Along with CCH, the Chicago Alliance to End Homelessness, Housing Action Illinois, and the Supportive Housing Providers Association – all members of the Responsible Budget Coalition — helped prepare the survey.

New funds to prevent homelessness

A huge gap in homelessness prevention funding was finally closed last month when the Emergency Fund received the first installment of $23 million in federal stimulus funds.

The funds are available to Chicago residents facing a temporary financial crisis for help with rent, utilities, moving costs and storage fees.

It’s the first public funding for homelessness prevention available here in  six months.  After the federal funding was announced last year, the state reduced its $11 million homelessness prevention program by 78 percent, said Kathleen Molnar of the Emergency Fund.

“It was just shortsighted,” said Julie Dworkin of the Chicago Coalition for the Homeless, which has pushed for increased funding for the state program, established in 1999.  “It’s such a critical program and the need for it is really growing.”

With budgetary delays, the state’s reduced funding wasn’t available until early last month – about the time the federal funds started arriving, Molnar said.

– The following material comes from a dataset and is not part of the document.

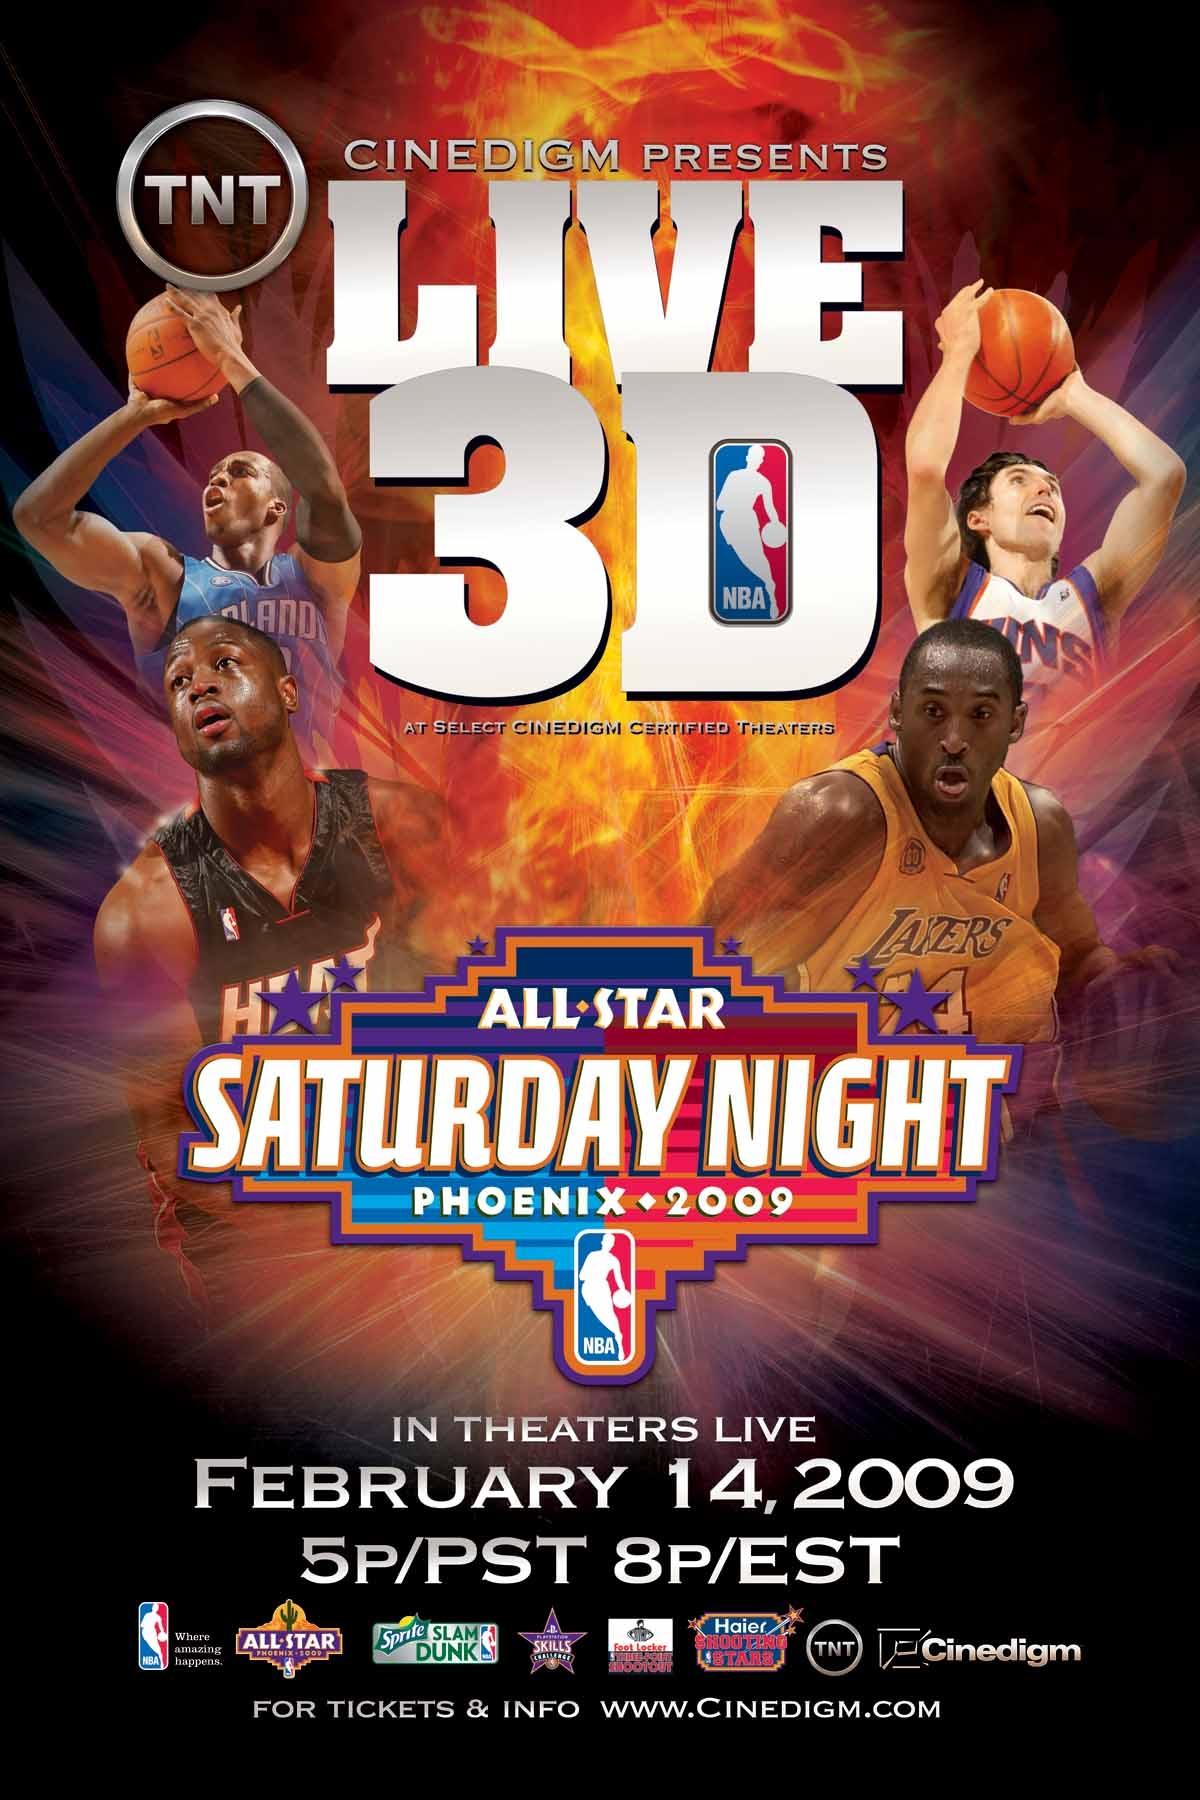 SlashGear's Cinedigm 3D HD NBA Slam Dunk Giveaway!

Families and individuals facing temporary shortfalls can see if they qualify for assistance by calling 311 and asking for short-term help.

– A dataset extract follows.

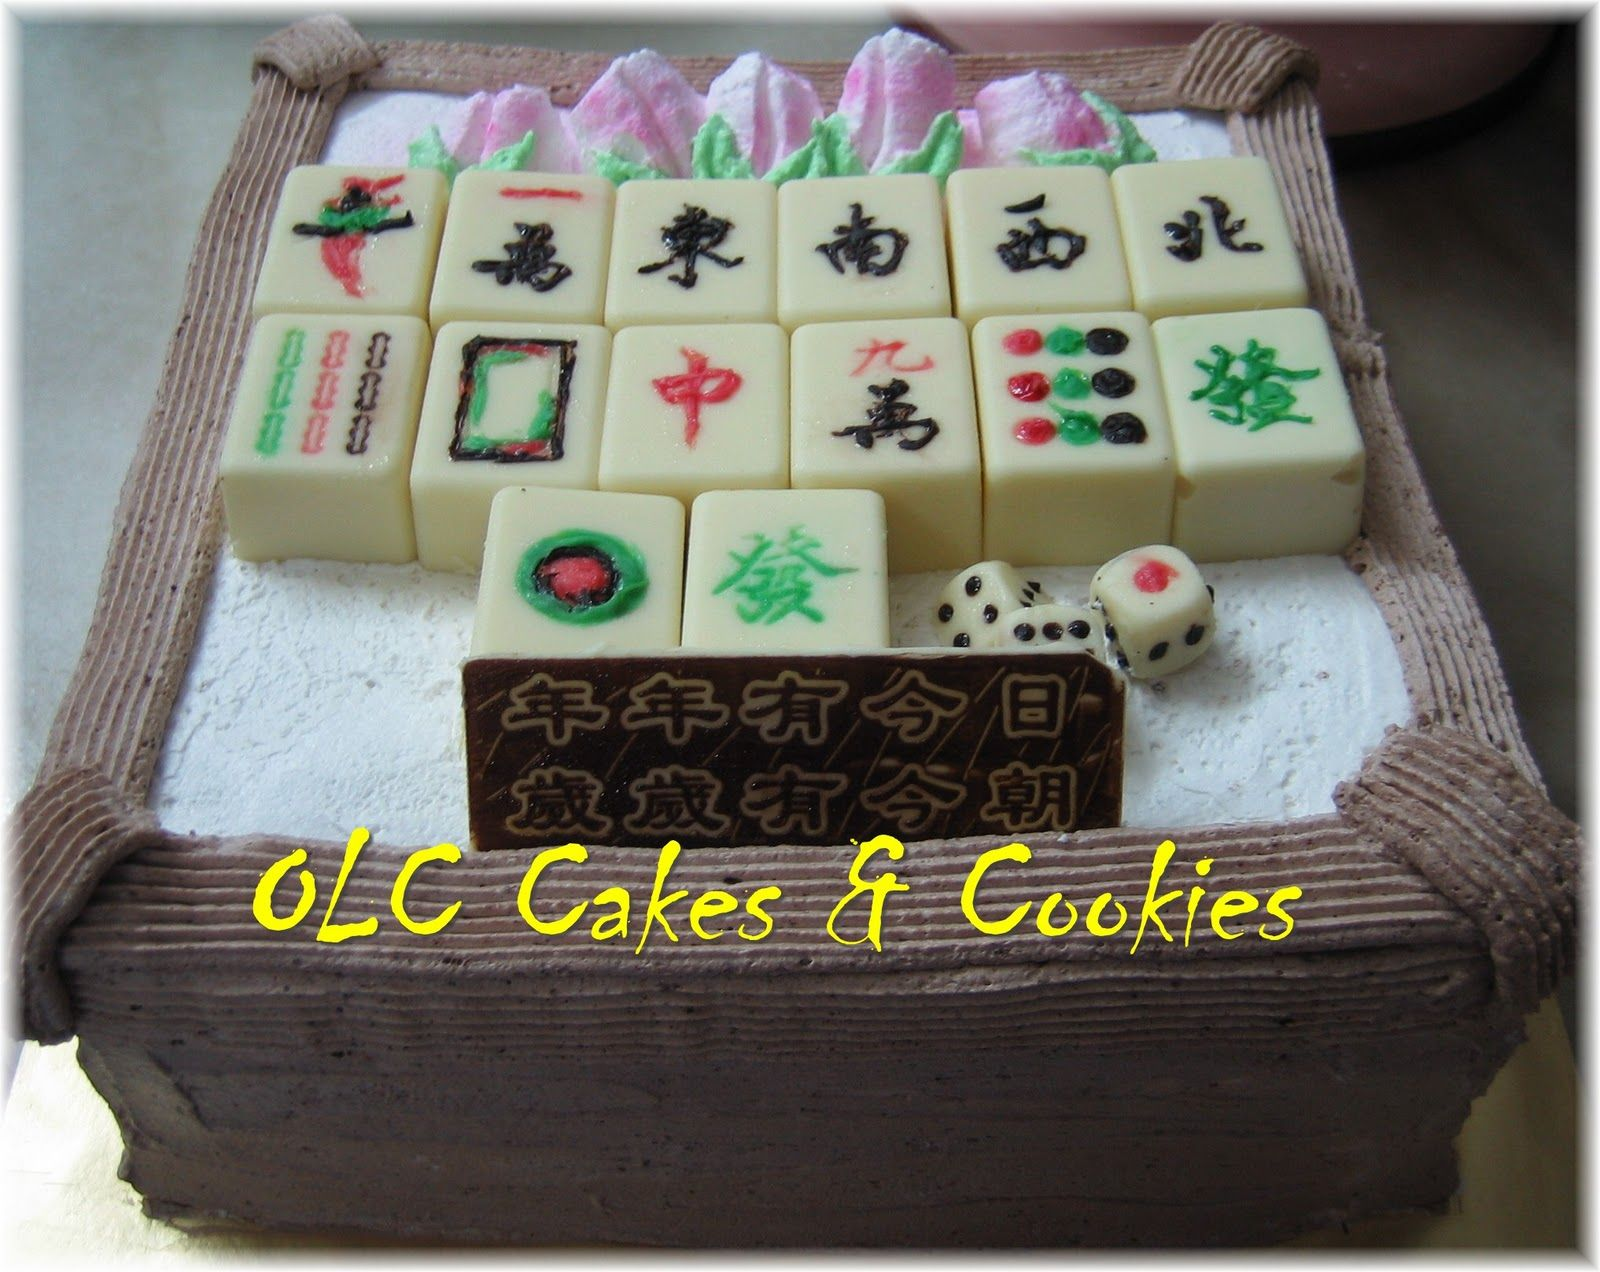 One Love Cafe Cakes Cookies Mahjong Birthday Cake Mah Jongg

The federal funding stream is available for the next three years, but Molnar thinks it may be used up before then.  “There’s a growing demand for housing assistance, and job creation isn’t really picking up,” she said.

In addition to funds from public sources, the Emergency Fund also distributes flexible funds, which come from donations from individuals and support from foundations and corporations.

Those are available in smaller amounts but for a much wider range of basic needs –a bus pass, an eye exam, a work uniform, a bed, a refrigerator – anything needed to help someone become or remain self-sufficient.

Last year the Emergency Fund assisted some 5,500 people, Molnar said. She said calls for assistance dropped after word got out that funding wasn’t available – but since January, the number of calls is up significantly.

According to CCH, Governor Quinn’s budget proposal maintains state homeless prevention funding at its reduced level and cuts funding for homeless youth services.

[This version corrects errors in an earlier posting.]

Homeless in DuPage

Bridge Builders is a group of DuPage County residents who work with homeless families and children in Bridge Communities transitional housing, providing mentoring and activities.  Last week they announced they’d awarded $1,000 college scholarships to eight formerly homeless teens.  (Newstips has covered a school curriculum on homelessness developed by the Bridge, as well as a community sleepout to highlight homelessness in the western suburbs.)

Tonight they’re holding their annual fundraiser for Bridge Communities — there’s no admission, but a donation is requested; there’s a silent auction and cash bar along with food, music, and dancing.  It runs from 7:30 p.m. to midnight at College of DuPage’s McAninch Arts Center, 425 Fawell Bvd, Glen Ellyn.